Calvert County Citizens March with Allies to Stop Cove Point LNG

Photo: About 200 people participated in Saturday’s walk/ Photo by Anne Meador

By John Zangas and Anne Meador

Lusby, Maryland has never seen a civic action this big, according to local residents. Almost two hundred citizens and supporters mobilized on Saturday for a march to stop energy corporation Dominion Resources from converting Cove Point LNG into a liquefaction facility in the middle of a residential neighborhood. They walked six miles from Solomons Island to Cove Point Park to bring attention to health and safety concerns posed by the Dominion export terminal, which they say appropriated the Cove Point name from their community.

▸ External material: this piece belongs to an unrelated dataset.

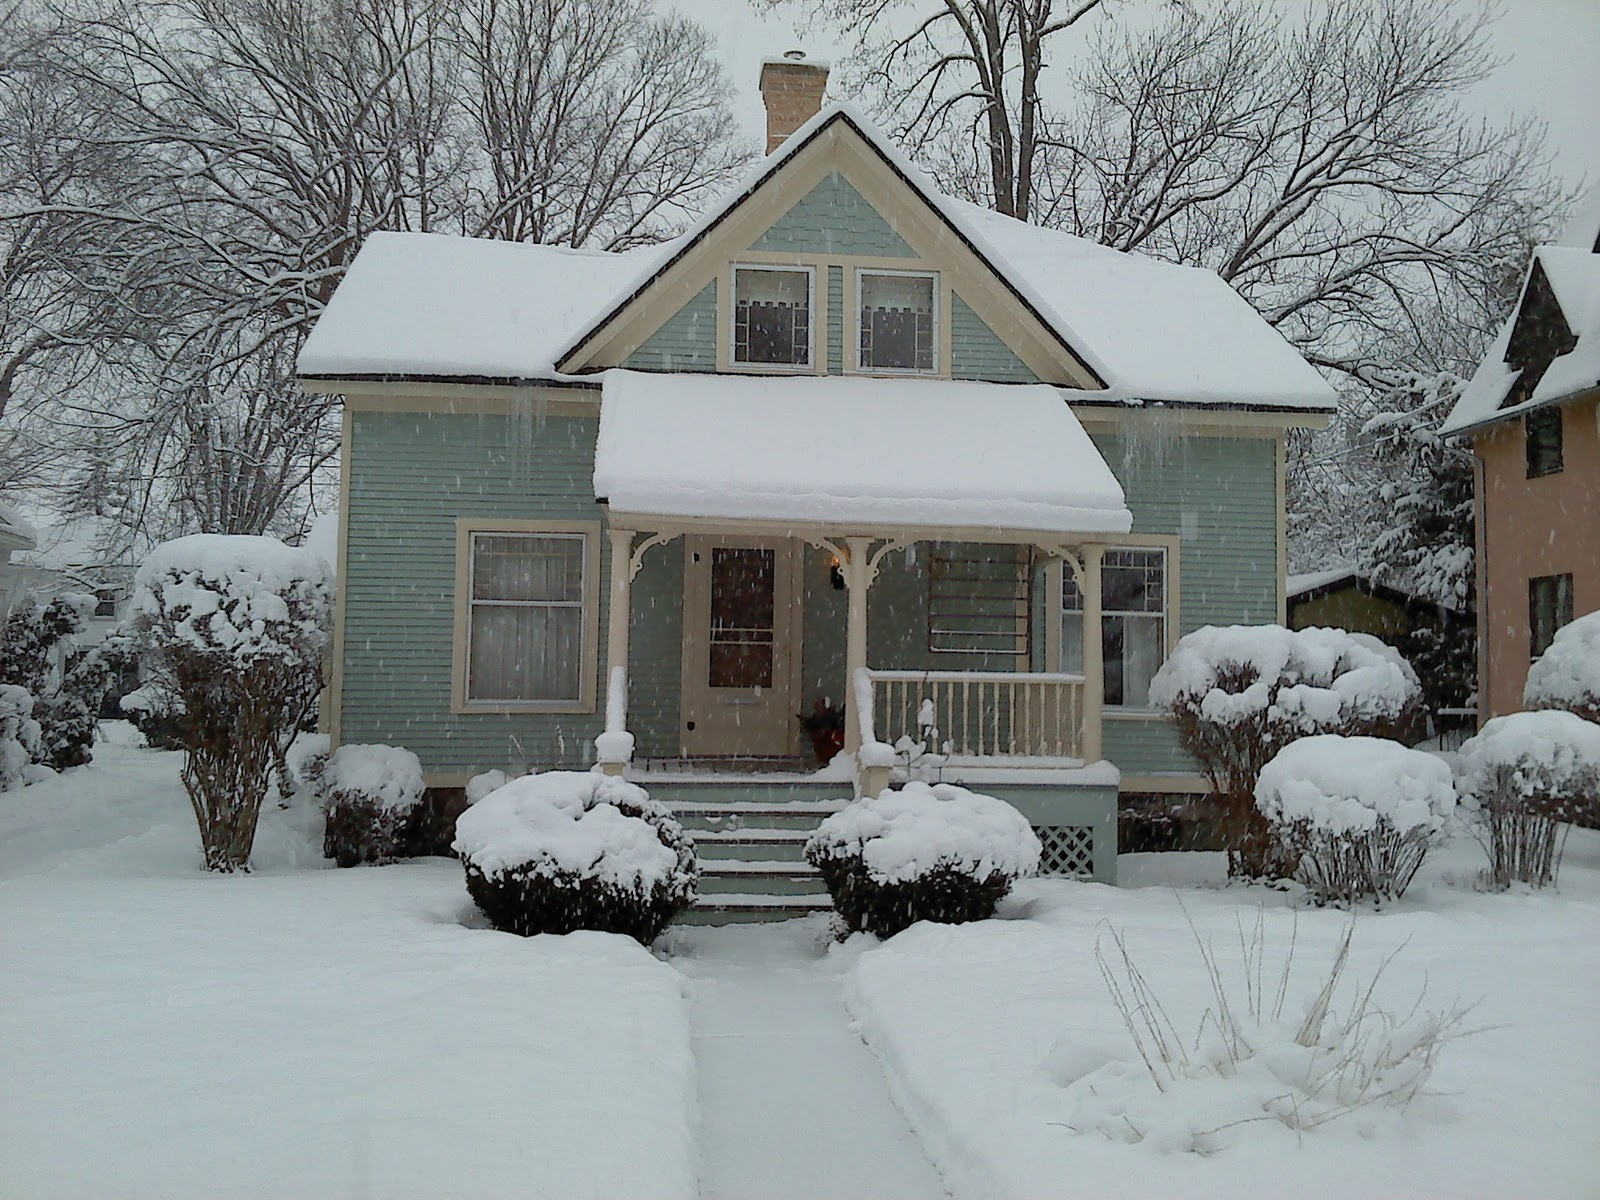 Free photo: Snowy Neighborhood, Winter - Free Image on Pixabay ...

We Are Cove Point, Calvert Citizens for a Healthy Community, Beyond Extreme Energy, Sierra Club Southern Maryland Group, Chesapeake Climate Action Network, and Patuxent Friends Quaker Meeting organized the “Walk for Calvert County to be Dominion Free.” The walk was to help residents support each other in the fight against the plant, and to tell Dominion and the local government it is not safe to proceed with a project of this scope so close to 8,045 Lusby residents.

Dominion has proceeded with plans to build the LNG plant and export terminal near homes, schools, parks and daycare centers in spite of strong opposition. They are afraid of what may happen if there is an accident when the natural gas facility begins operation.

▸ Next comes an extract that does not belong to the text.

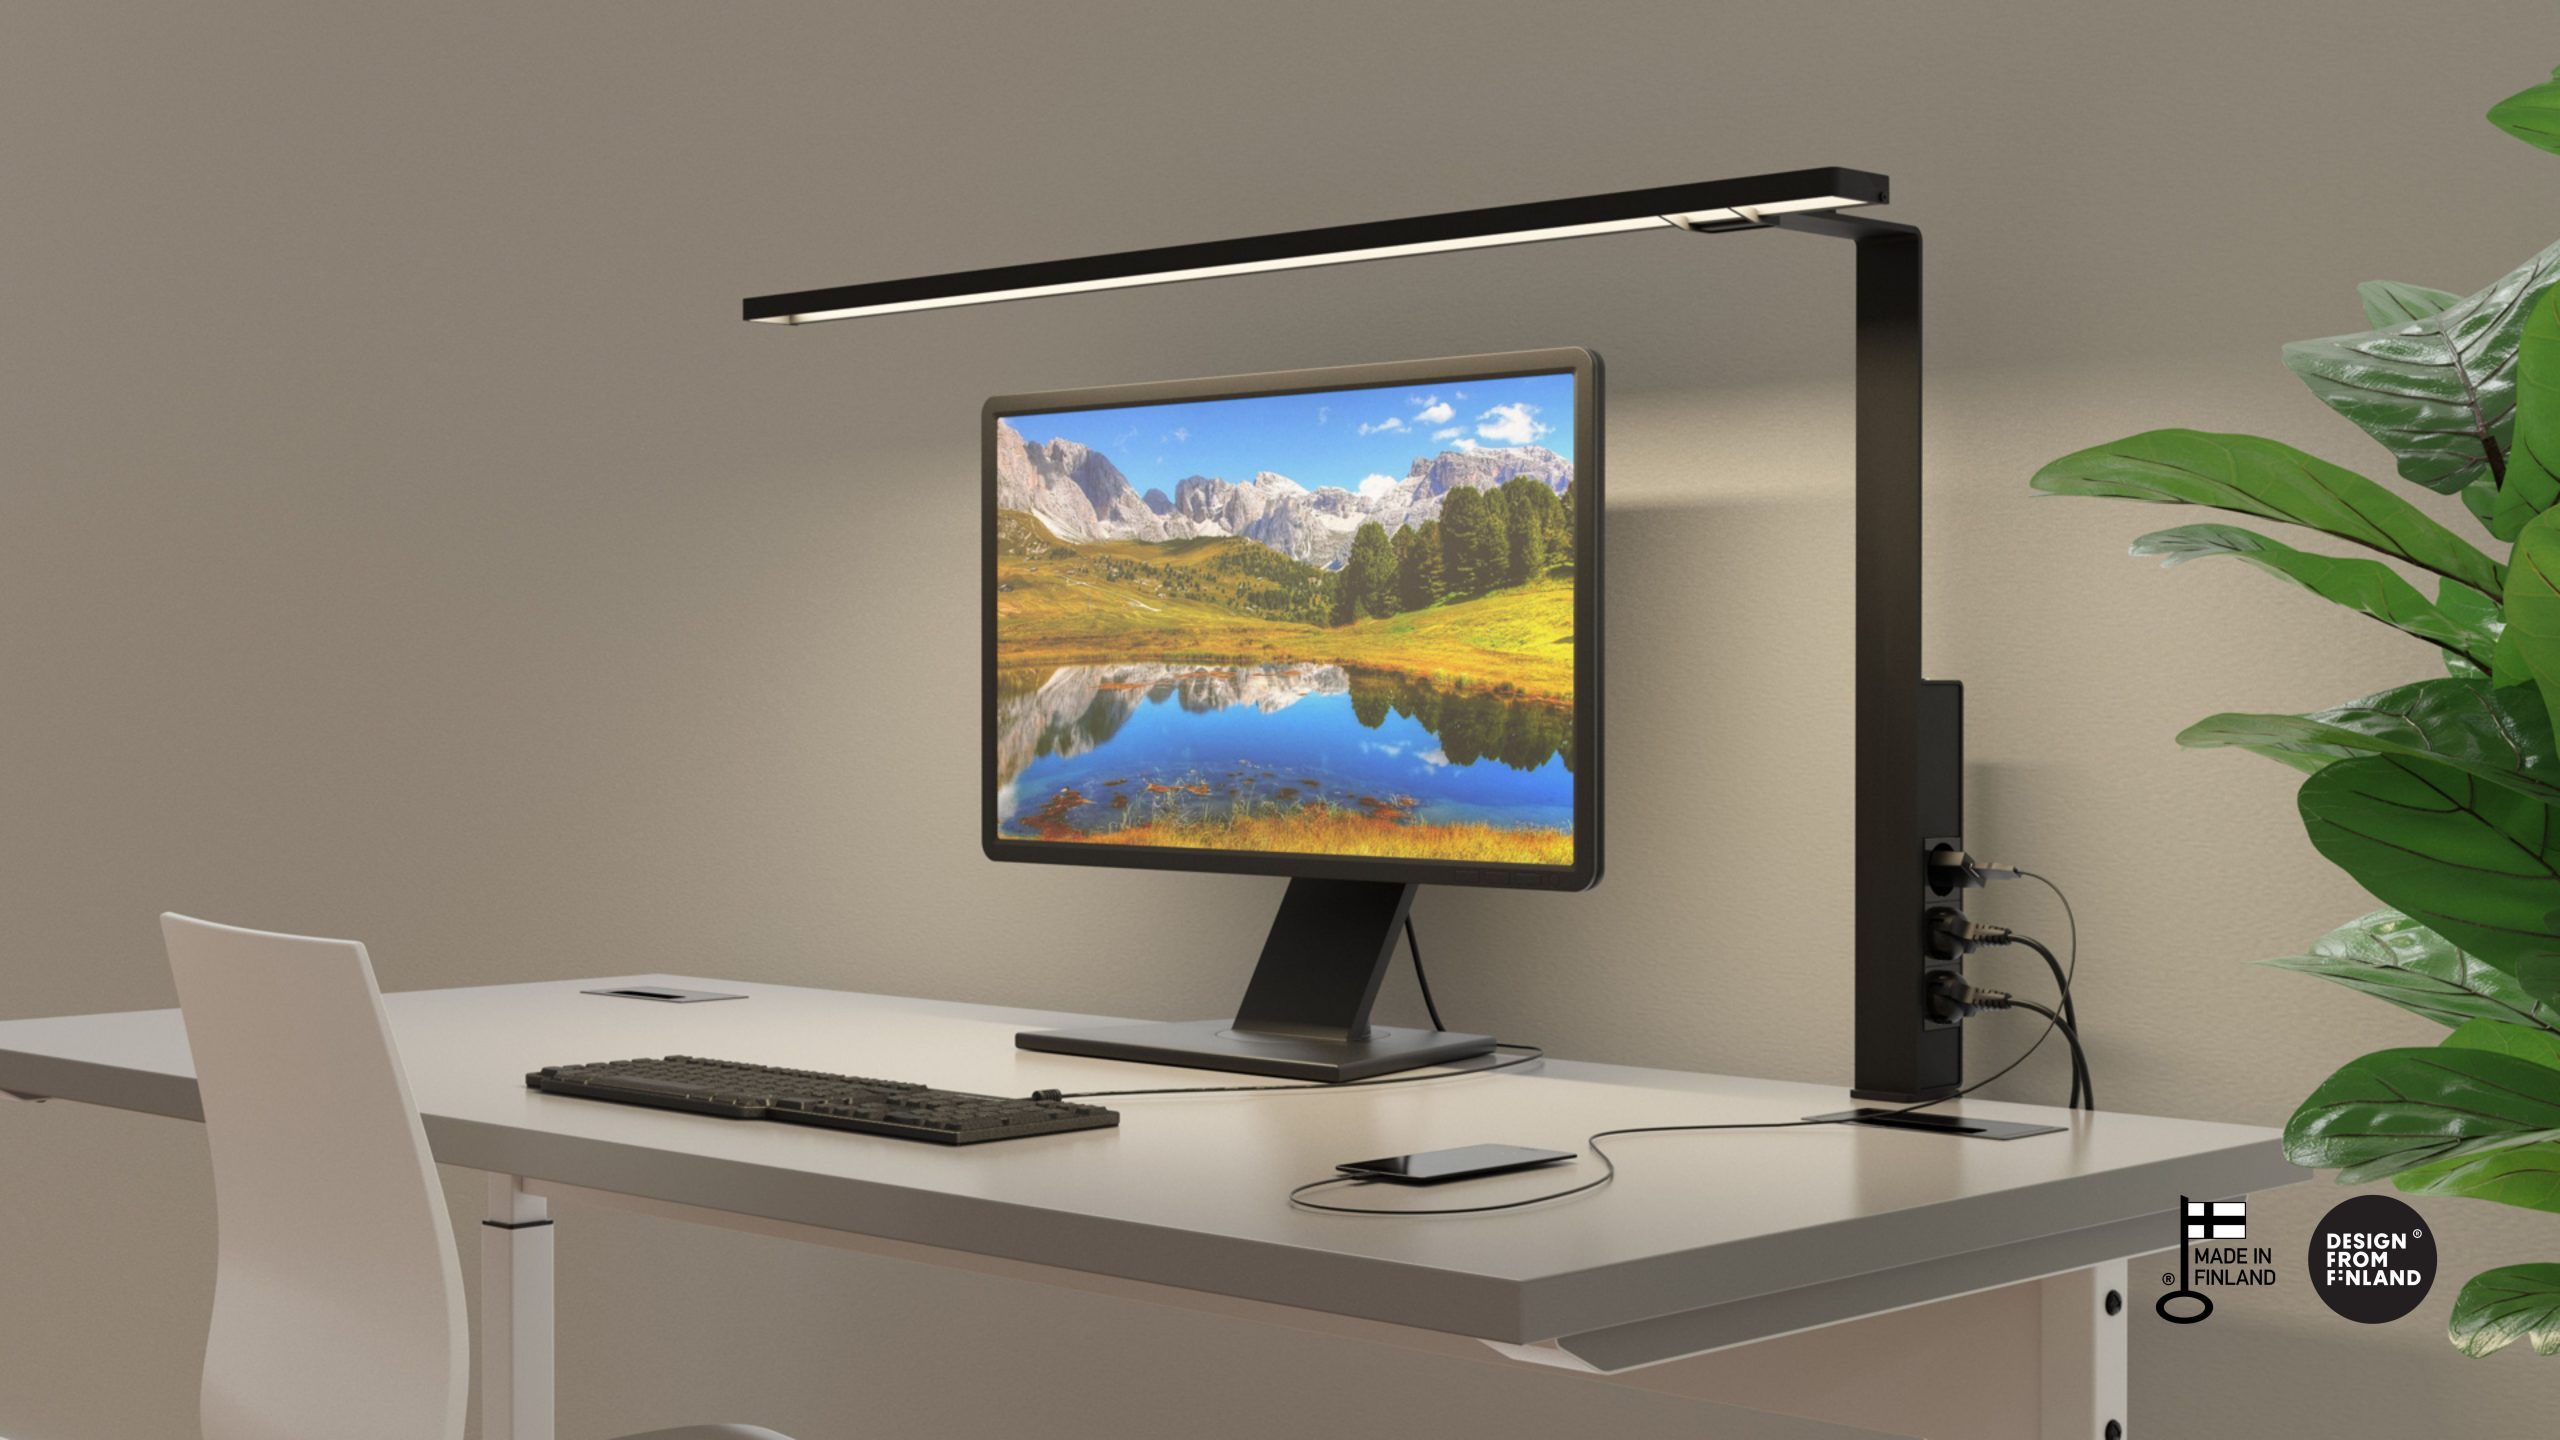 aicci-dl1-1120ds-work-desk-lamp-socket-unit-black-design-key-flag-logos

Tracey Eno, who lives less than two miles from Dominion Cove Point, said she was thrilled to see so many people participating. “I’ve seen people I don’t even know, and that’s a good sign,” she said. “The town of Lusby has never seen this before.”

The six-mile march had a police escort./ Photo by Anne Meador
The six-mile march had a police escort./ Photo by Anne Meador

The walk almost didn’t come off as planned when the bus company which had agreed to shuttle walkers cancelled its service agreement with organizers just hours before the event. Tracey Eno believes the company, which also has transport agreements with Dominion, was pressured not to provide the agreed upon service to them. Had Eno not been able to make last-minute alternative arrangements, they would not have been able to finish at Cove Point Park.

Eno was pleased with the support they received from motorists along the way. “Everybody driving by is supporting us, the power of the people. This is democracy!”

Kathy Strickler, who is retired and lives on a boat with her husband on the Chesapeake Bay, was walking for the environment. “I can’t think of what all these tankers coming in are going to do to the Bay’s serenity and safety,” she said.

Kevin Zeese, a lawyer and activist from Baltimore, was surprised by the participation. “This is certainly an unusual experience for Lusby and Calvert County,” he said. “It’s not really a protest center and to have this number of people come out and walk through the neighborhoods will be talked about and will grow the movement.”

Walkers followed the route taken by specially designed vehicles with oversize loads from the pier where barges deliver large equipment to the main terminal. On Saturday afternoon, Dominion issued the latest traffic advisory notifying that roads would be closed the following night for one of these oversized hauls.

Walkers stopped at the halfway point for refreshments at Patuxent Friends Quaker Meeting House, then continued through the town of Lusby to Cove Point Park. Once they arrived at Cove Point Park, participants were treated to a picnic meal prepared by cooks from “Seeds For Peace,” a mobile kitchen, and entertained with live folk music.

Photo by John Zangas
Photo by John Zangas

Virginia, who grew up in Calvert County, strolled with her 2-year-old son. She is proud of her community. “Many of us are here because of the environment and how much beauty there is surrounding us,” she said.

She was also concerned about her son’s future. “I feel like we’ve been lied to,” she said. “Many of the government officials haven’t told the truth about what is going on. We are worried about the future of our county, and we are worried about the lives that our children are going to be leading.”